Cubist’s biggest drug is Cubicin, which currently accounts for nearly all the company’s estimated $1.2 billion in annual sales. The ruling by a Delaware court means Cubist could face generic competition in the United States as soon as the middle of 2016, instead of waiting until 2020.

The healthy 37 percent premium Merck paid for Cubist, and the limited wiggle room it left itself to pull out of the deal, suggests it was undeterred by the outstanding legal danger. There are other known unknowns, too. For one, Cubist will soon go before the U.S. Food and Drug Administration to seek approval of a new antibiotic, which could be a blockbuster. Waiting for confirmation might have increased the takeover tab or left the door open for an interloping suitor. Assuming regulators sign off, though, Merck’s experienced presence might smooth the launch.

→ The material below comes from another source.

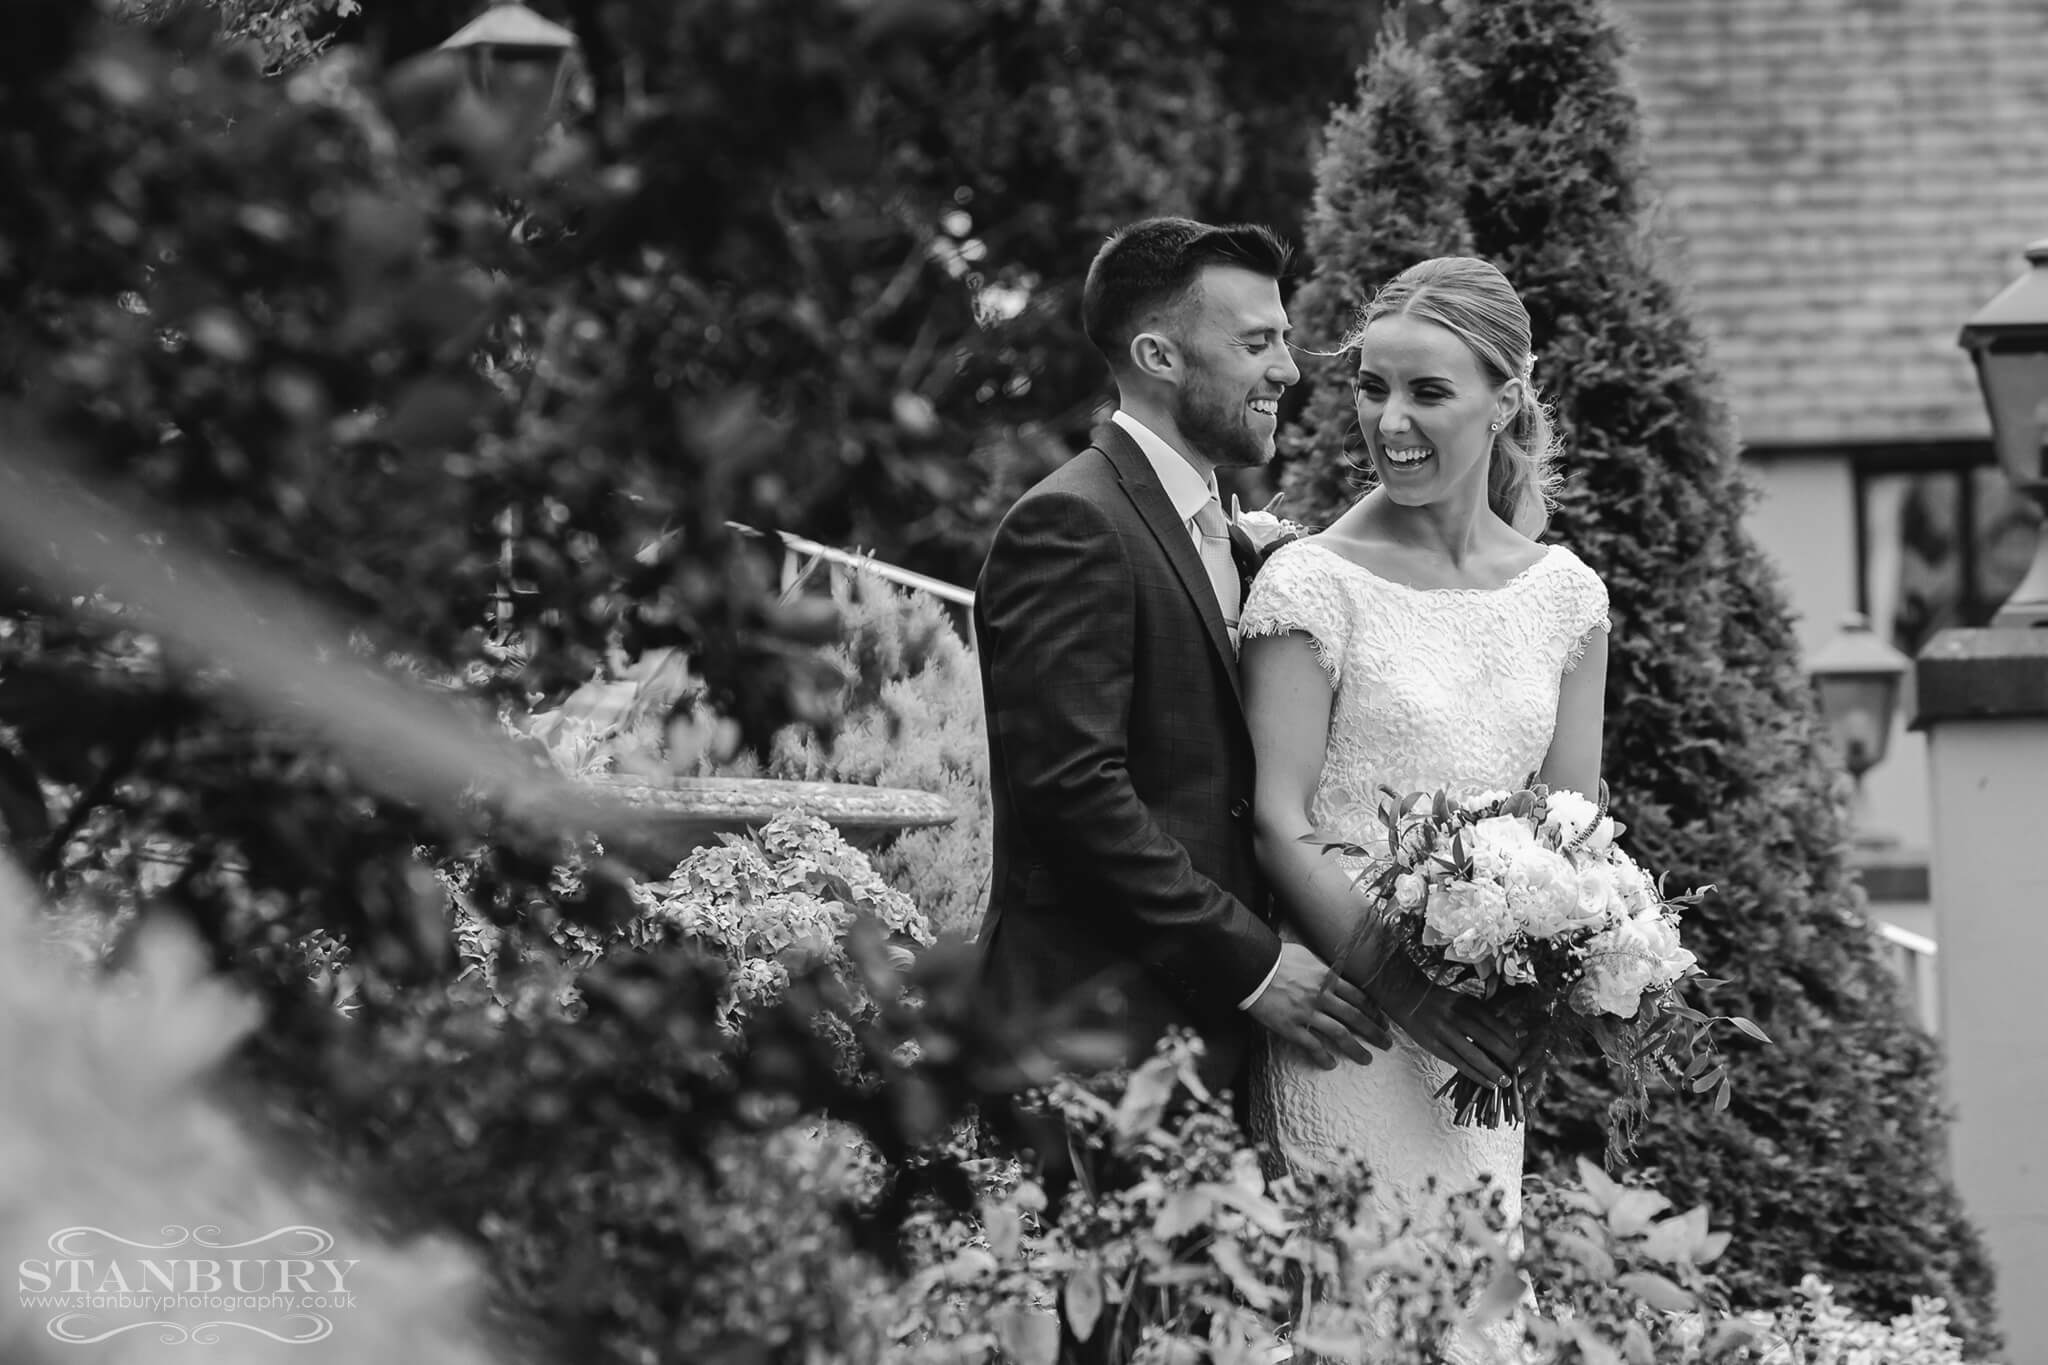 west-tower-wedding-photographers-stanbury-photography

Even so, there is probably a higher cost for its aggression. Cubist is worth less today than it was yesterday. Merck argues the deal still creates value. Investors took a less charitable view, wiping more than $8 billion, or almost the entire purchase price, from Merck’s market capitalization. It is probably an overreaction. Absent a successful appeal of the legal ruling, based on existing sales, the foregone Cubicin revenue should add up to no more than $3 billion in a worst-case scenario.

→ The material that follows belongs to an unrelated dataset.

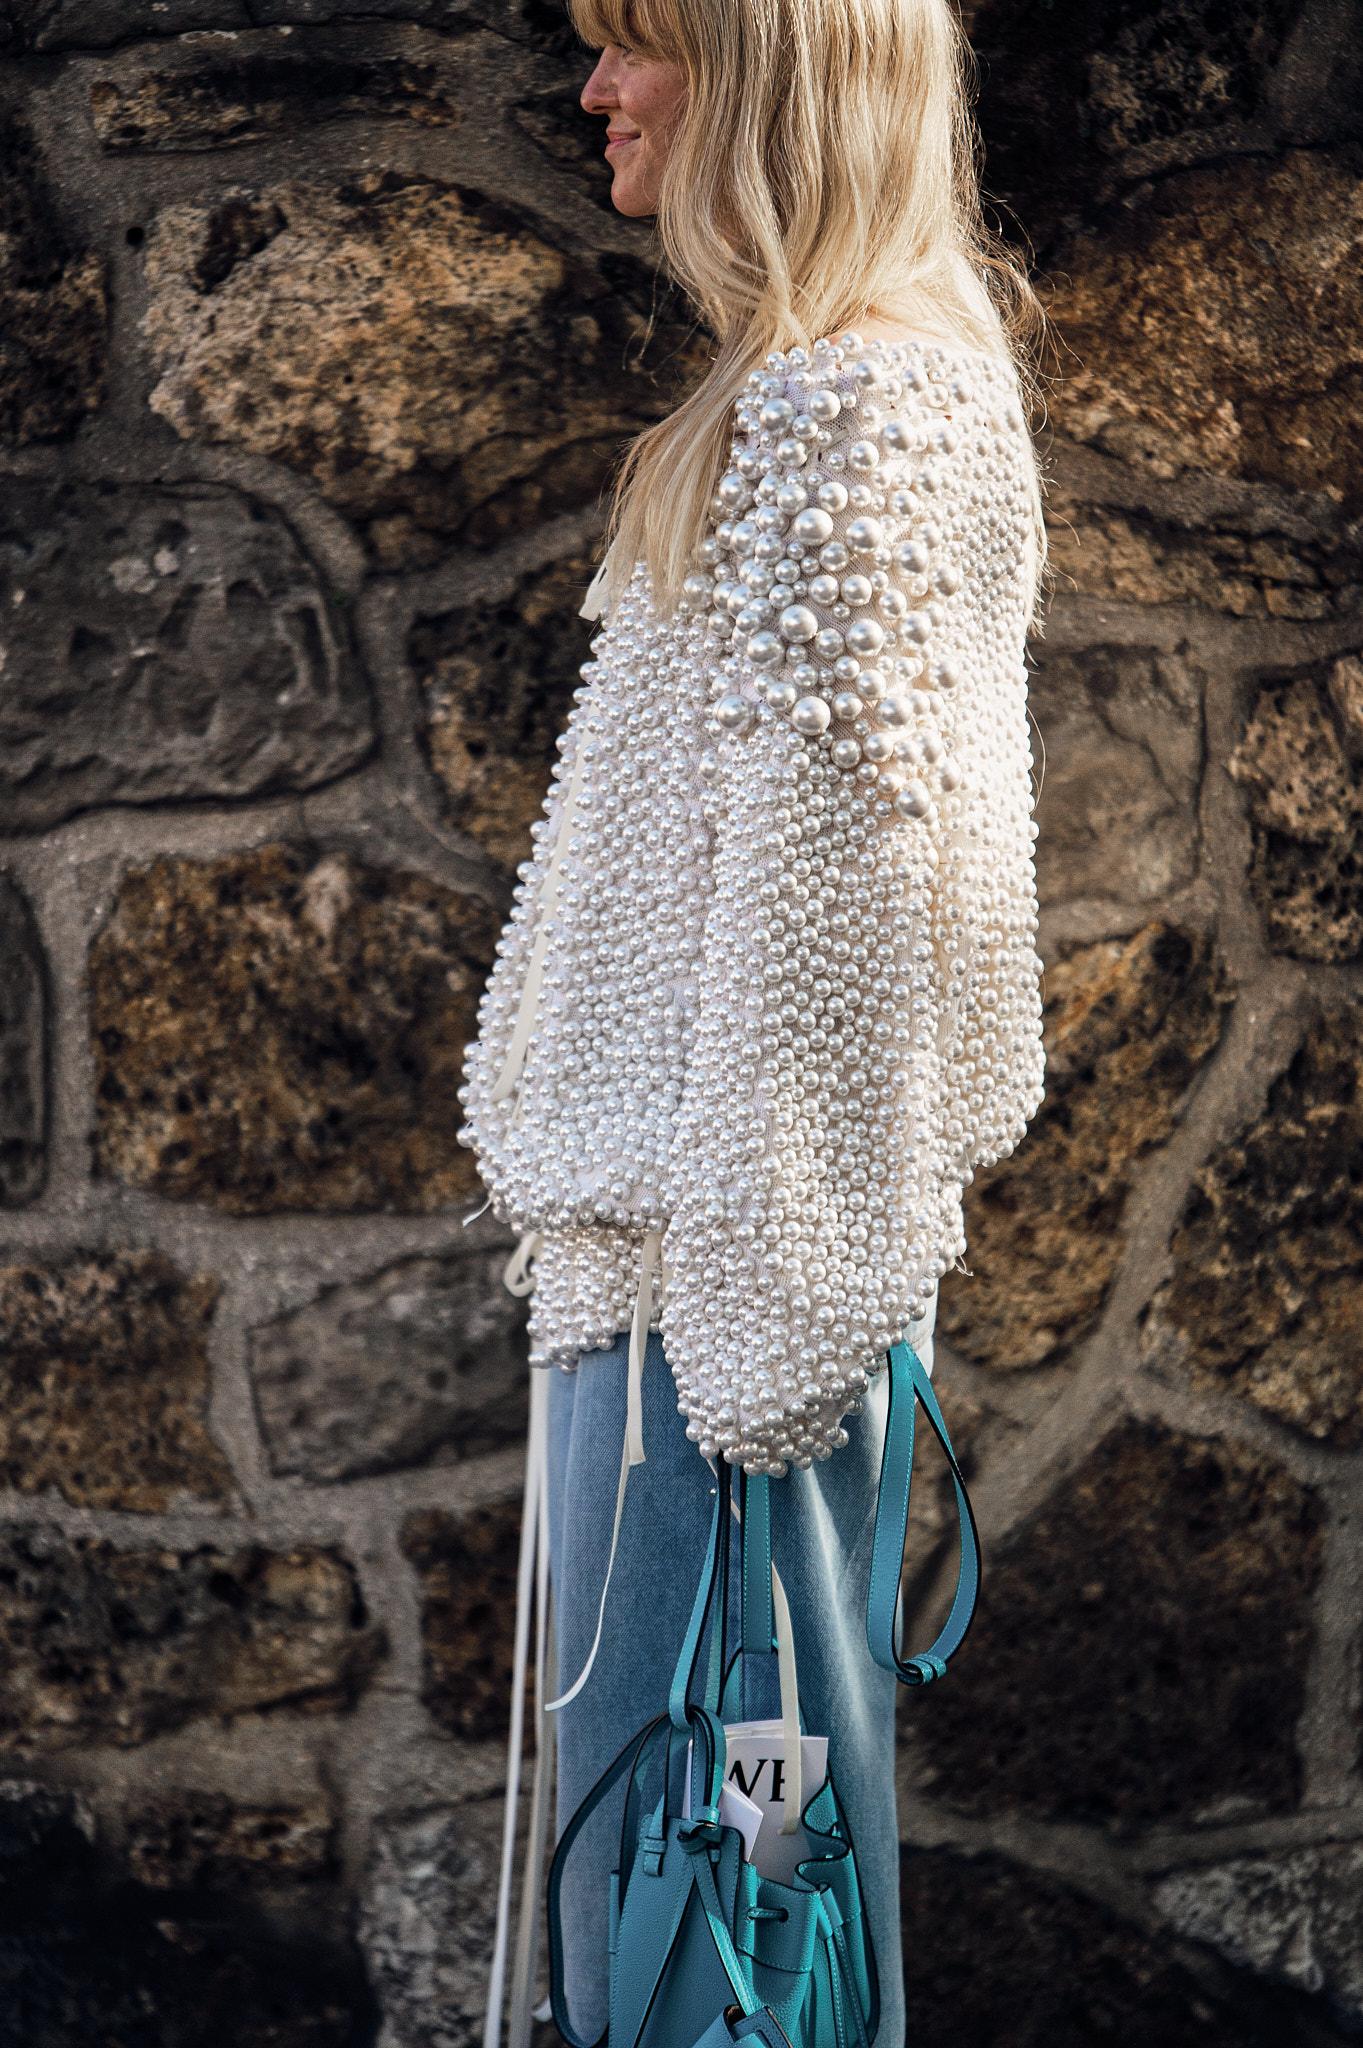 Jeanette Madsen - Outside Loewe - Paris Fashion Week SS20

Other buyers may want to pay heed to Merck’s misstep. There already have been more than $3 trillion of deals announced globally this year, an increase of some 50 percent from a year ago, according to Thomson Reuters. Healthcare has been a leading sector, with more than twice as much activity this year than last. That makes it that much easier for buyers to get caught up in the excitement and look at potential merger liabilities though a rose-colored prism.